Thursday, April 10, 2008

Fun with Sleeves!

A couple of years ago I picked up a book at the local thrift shop on "How to Design Your Own Clothes and Make Your Own Patterns" by Claudia Ein. The book was from the '70s, and though I do not care for the '70s designs, I did glean a lot of good sewing information from the book. I enjoyed seeing and understanding how different elements of clothing takes shape, how the pattern shapes were come by, and how it all works together.

For example, the many ways to make the sleeve of your choice, from one sleeve shape. I thought for fun I would do up some doll samples, and put them on our model, "Clarinda," the Victorian rag doll, and have our photographer take some pictures. That way you could see how fun it can be to experiment with sleeve shapes. I hope that our samples here give at least a vague idea of what all the different designs look like.

It should be said that there is more to the sleeves than these simple shapes; one has to be careful about the differences of the front and the back of the sleeve, markings, etc. when making a real outfit.
Here is the basic sleeve shape, cut from a dolly t-shirt pattern on muslin to make my own pattern to play with.

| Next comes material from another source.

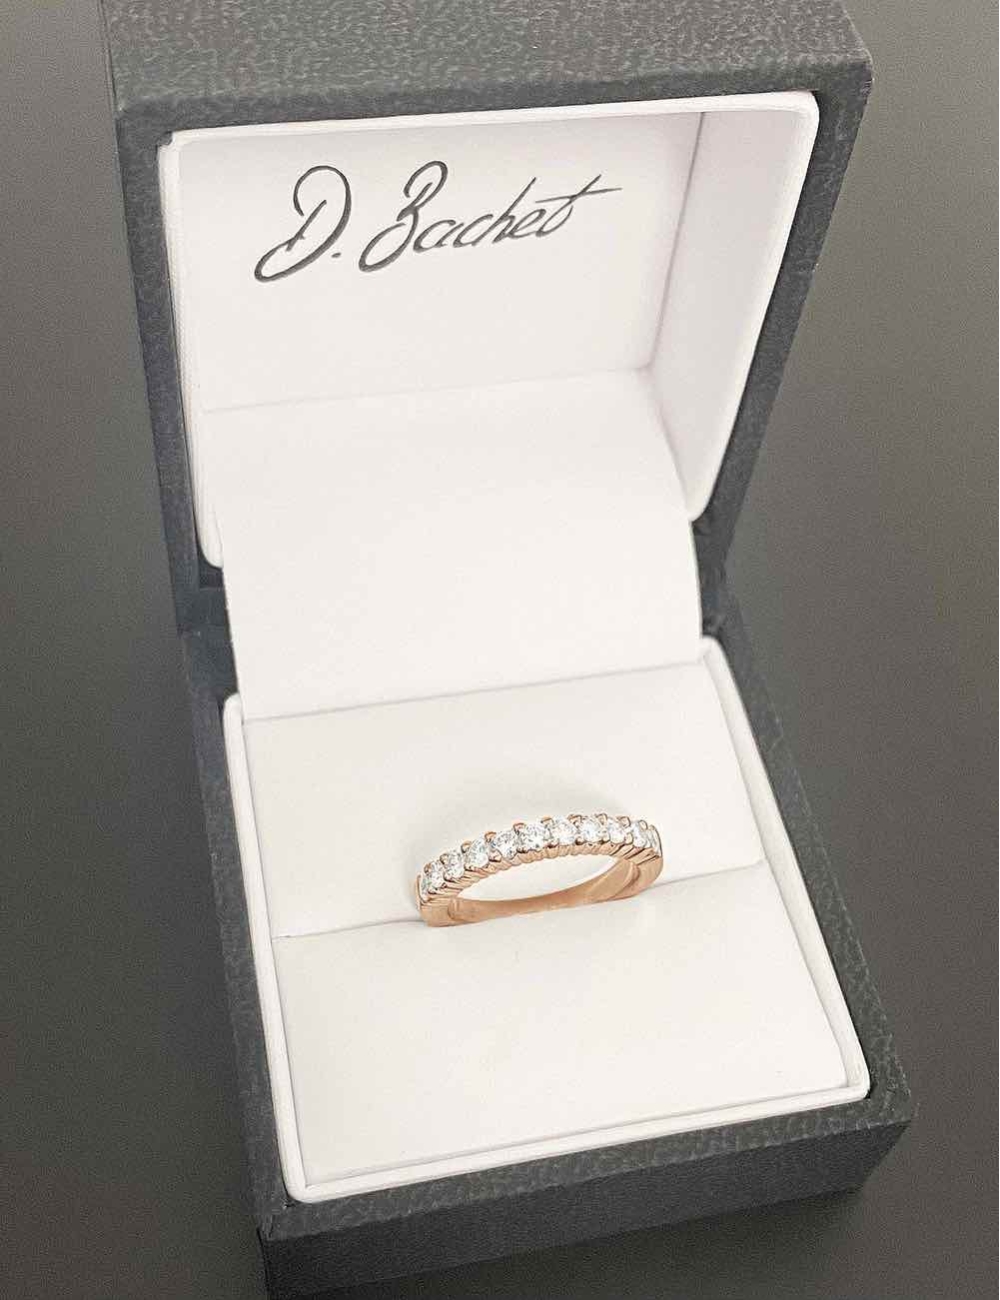 Pink gold prong set diamond wedding ring for women

Above you see I have sliced the pattern piece into strips.

By spreading the strips out in various ways, you can make all kinds of beautiful sleeves.

Here I cut above and below a little more, and rounded it for gathering.

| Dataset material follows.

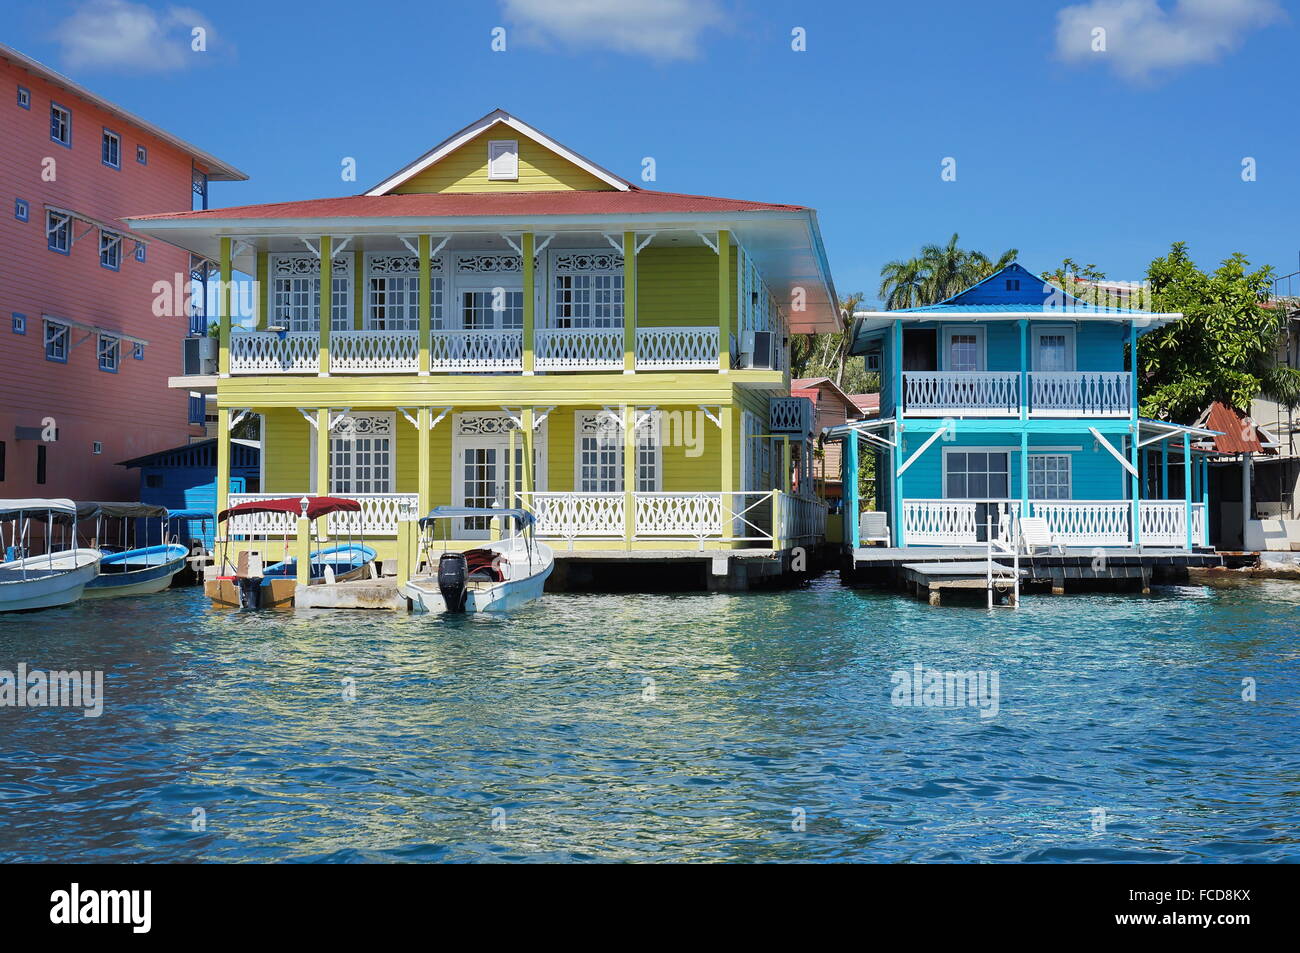 Típicas casas coloniales del Caribe sobre el agua con los barcos en el muelle, Panamá, América Central Foto de stock

This results in a puffed short sleeve, gathered at the shoulder and into a cuff at the arm.

Or you can leave the bottom un-gathered to make a slight flutter sleeve, in the book called a "butterfly sleeve."Here I have spread the bottom of the pattern out, but left the top plain (for no gathers).

This will be gathered into a cuff at the bottom, but set in plain at the top, for a different look in a puff sleeve. It will be puffy at the bottom only.

This pattern variation can also be made into a fluttery sleeve with no gathers at top.

Now I have spread the pieces with the fullness at the top.
This makes a sleeve that the book describes as "1940's" and is one of my favorites.

The sleeve is puffed at the top but tapered at the bottom, and requires no cuff.

Or you can get really crazy and spread them out like this....

...for a shape like this,

which makes a real "flutter" sleeve, very very fluttery!

Here is a plain long shirt sleeve.

Slashed and spread apart, it can be gathered into a long full sleeve.

Here is the full sleeve gathered on the top and the bottom into a cuff.

Using the principles above with the short sleeve, you can spread the pattern further out, cut the fabric high above the pattern top, and have a really puffed sleeve, like Anne wanted!

Here I have fanned out the bottom of the sleeve, into what is called a "bishop sleeve."

This can be gathered at the bottom into a cuff, for a sleeve that is puffy at the wrist but plain at the top.

Or, as in this sample, leave the bottom open and create a cute "princess" style sleeve, by putting elastic in the upper sleeve to create a small puff. I tied ribbon around it at that point, and it looks like a fairy-tale dress sleeve.

Here is a plain tapered long sleeve.

The book showed how to slash it this way.....
...and spread out the top for a leg-o-mutton sleeve.

Here is the leg-o-mutton sleeve, a popular Victorian sleeve, puffy (sometimes Very puffy) at the top but tapered at the bottom.

Now for some of the fun sleeve variations that the book had: Double sleeves!
Here is a double flutter sleeve. The smaller "butterfly" sleeve underneath, and the really fluttery sleeve on top.

Or pair a plain long sleeve with a flutter sleeve on top.

Or put a short puffed sleeve over a long sleeve to make the "Juliet" sleeve.

Here is a beautiful "Juliet" sleeve, another good one for a fairy-tale dress!

Of course there are a lot more variations to be had with experimenting and designing!